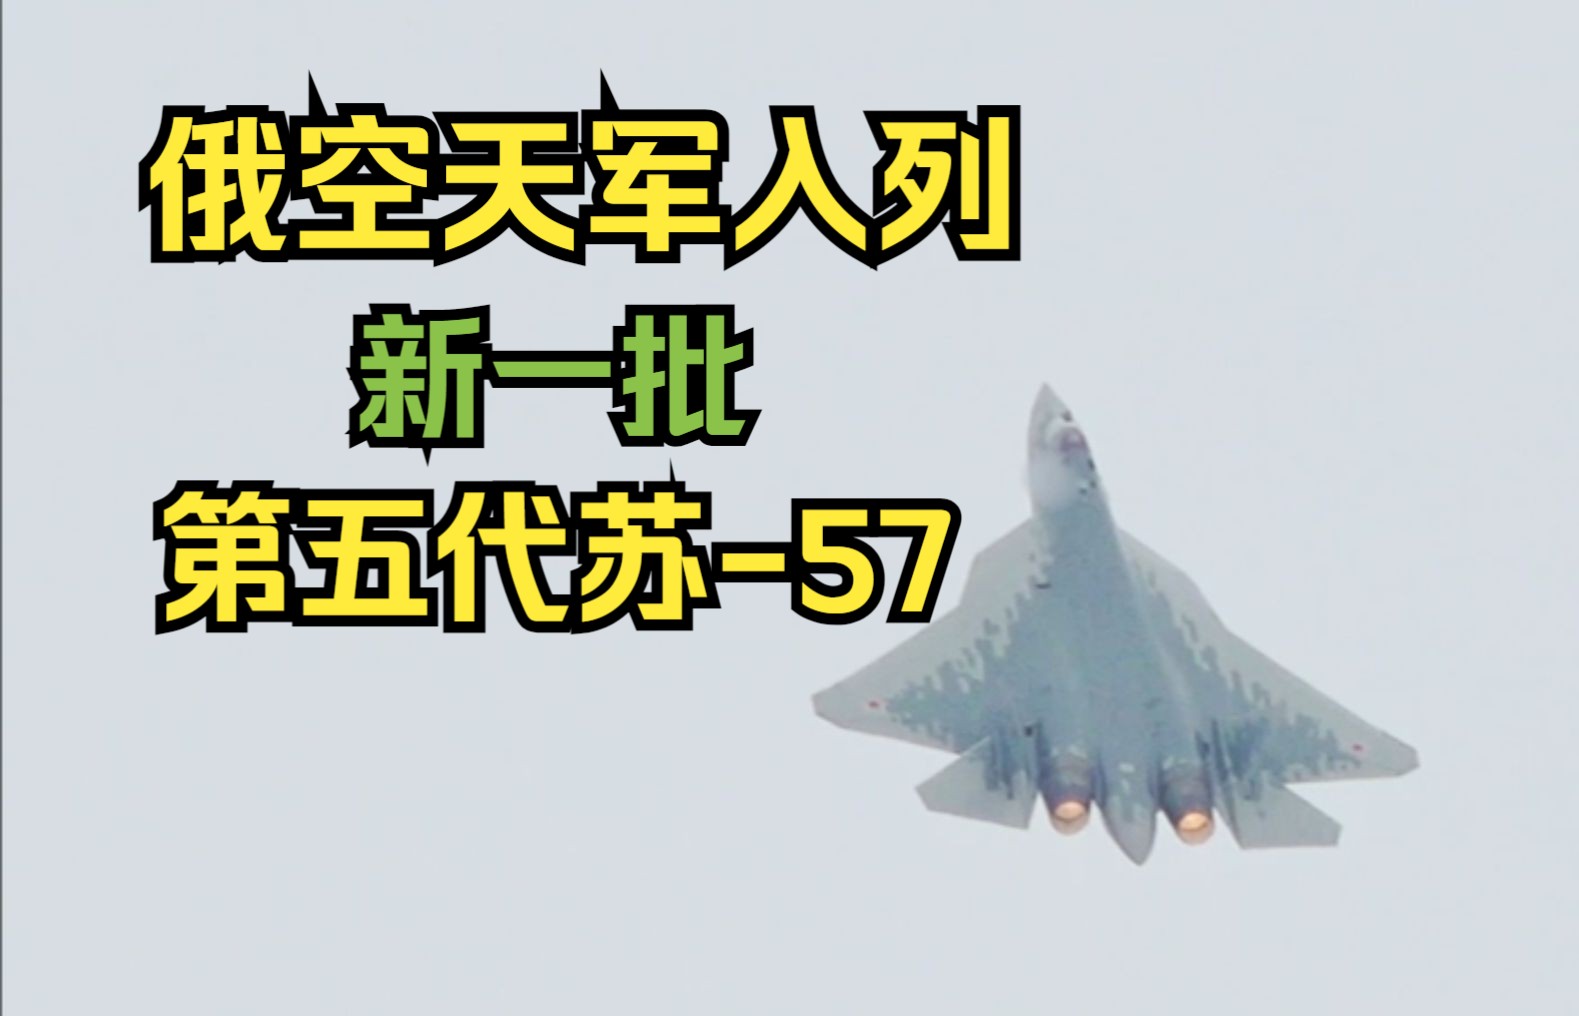 新一批苏-57战斗机已交付国防部
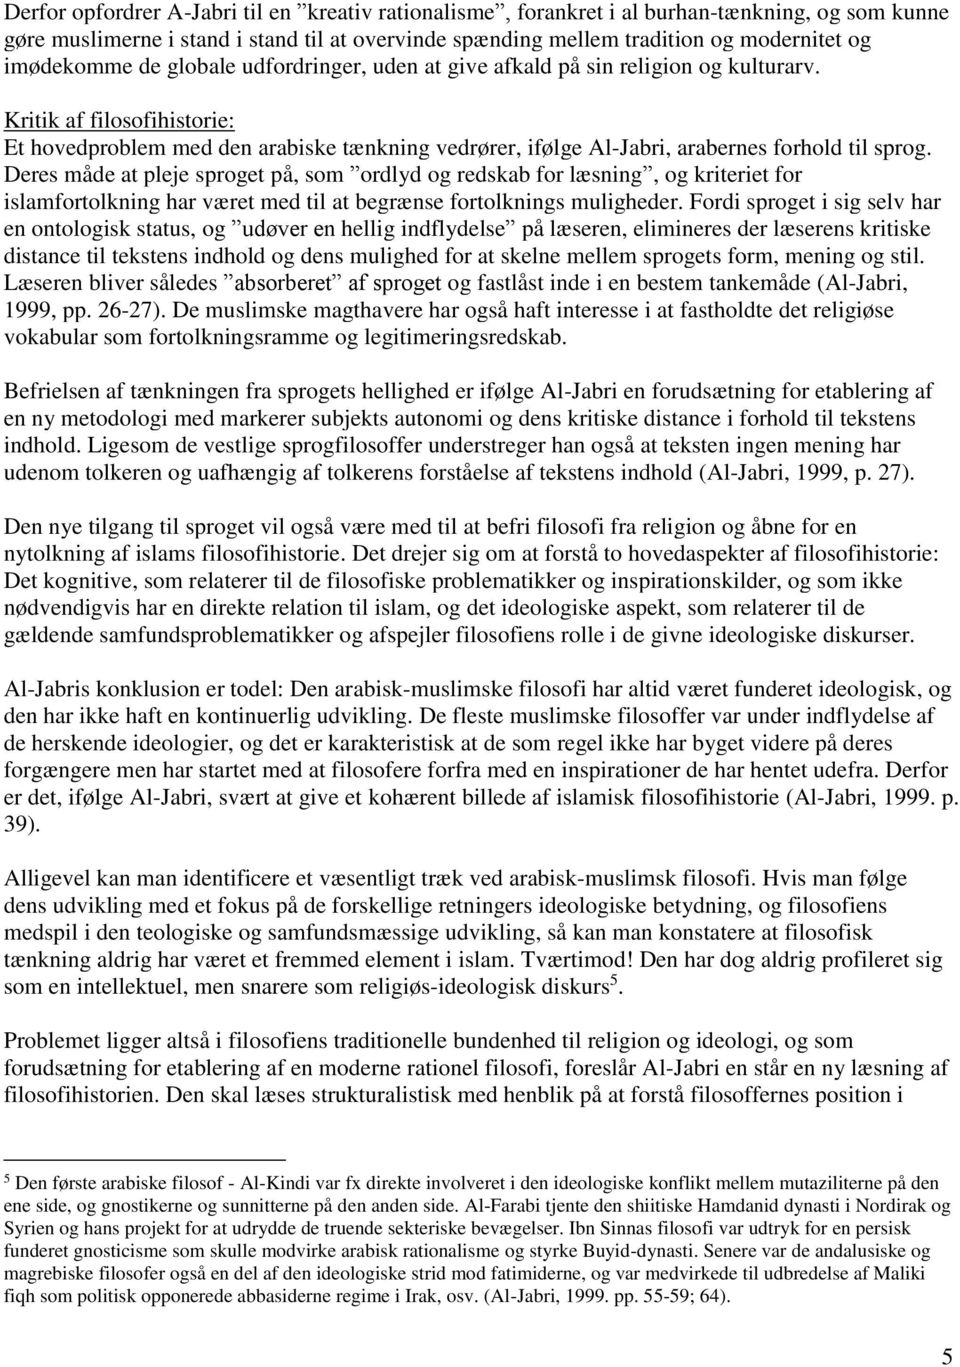 Kritik af filosofihistorie: Et hovedproblem med den arabiske tænkning vedrører, ifølge Al-Jabri, arabernes forhold til sprog.
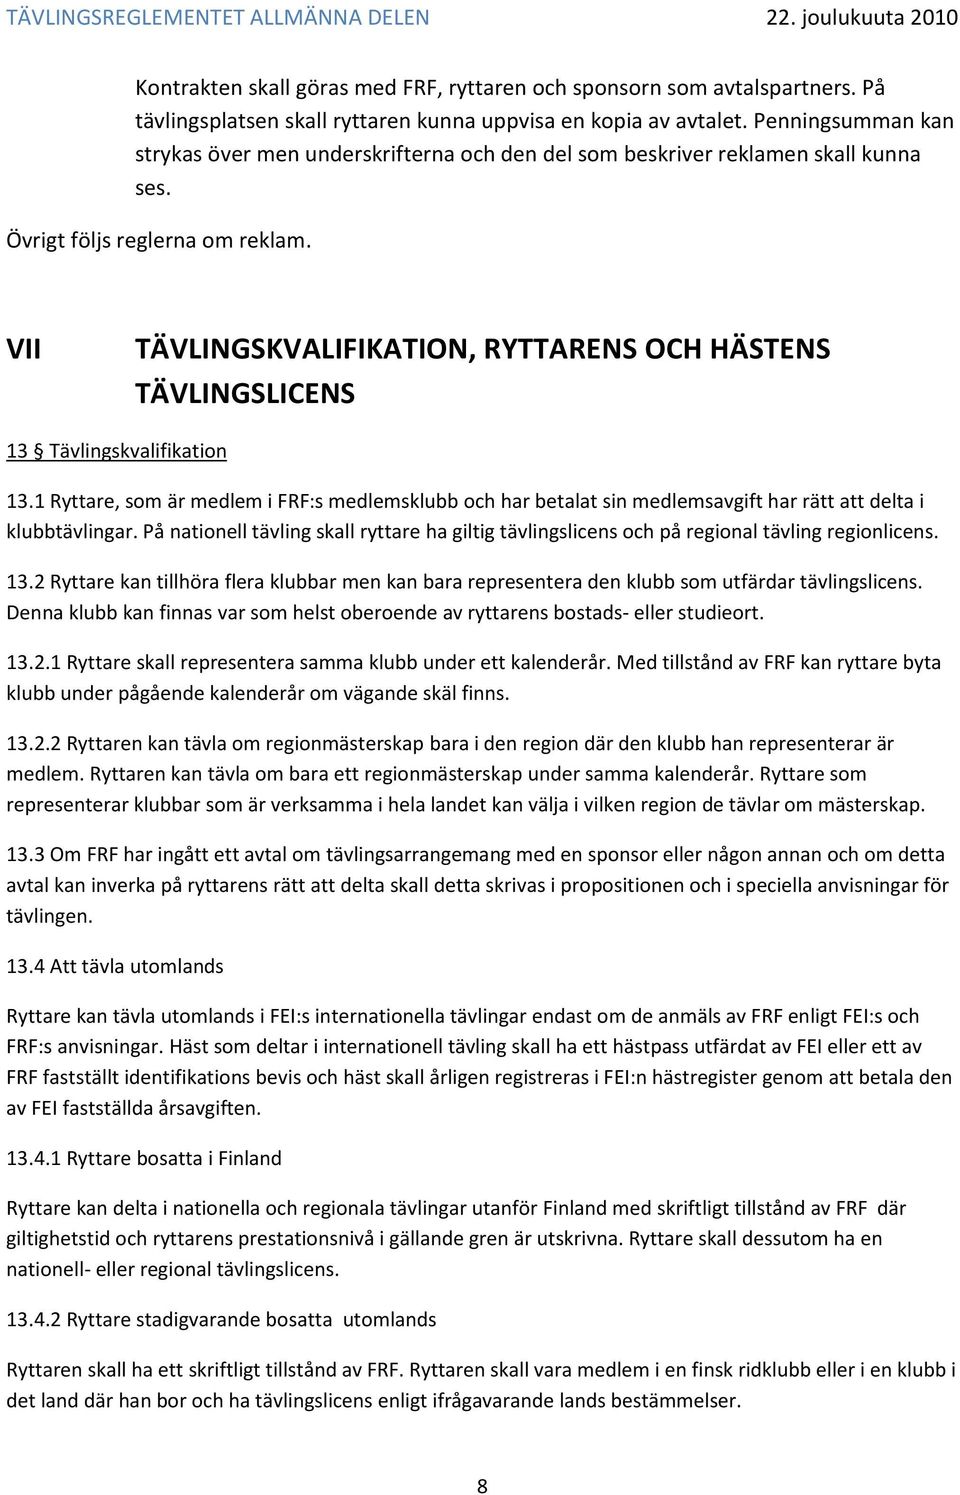 VII TÄVLINGSKVALIFIKATION, RYTTARENS OCH HÄSTENS TÄVLINGSLICENS 13 Tävlingskvalifikation 13.

========================================================================

▶ **What you have to do**
Everything in the data above, apart from the pictures, should be retyped exactly.

▶ **Exercise solution**
 新一批苏-57战斗机已交付国防部
 Kritik af filosofihistorie: Et hovedproblem med den arabiske tænkning vedrører, ifølge Al-Jabri, arabernes forhold til sprog.
 VII TÄVLINGSKVALIFIKATION, RYTTARENS OCH HÄSTENS TÄVLINGSLICENS 13 Tävlingskvalifikation 13.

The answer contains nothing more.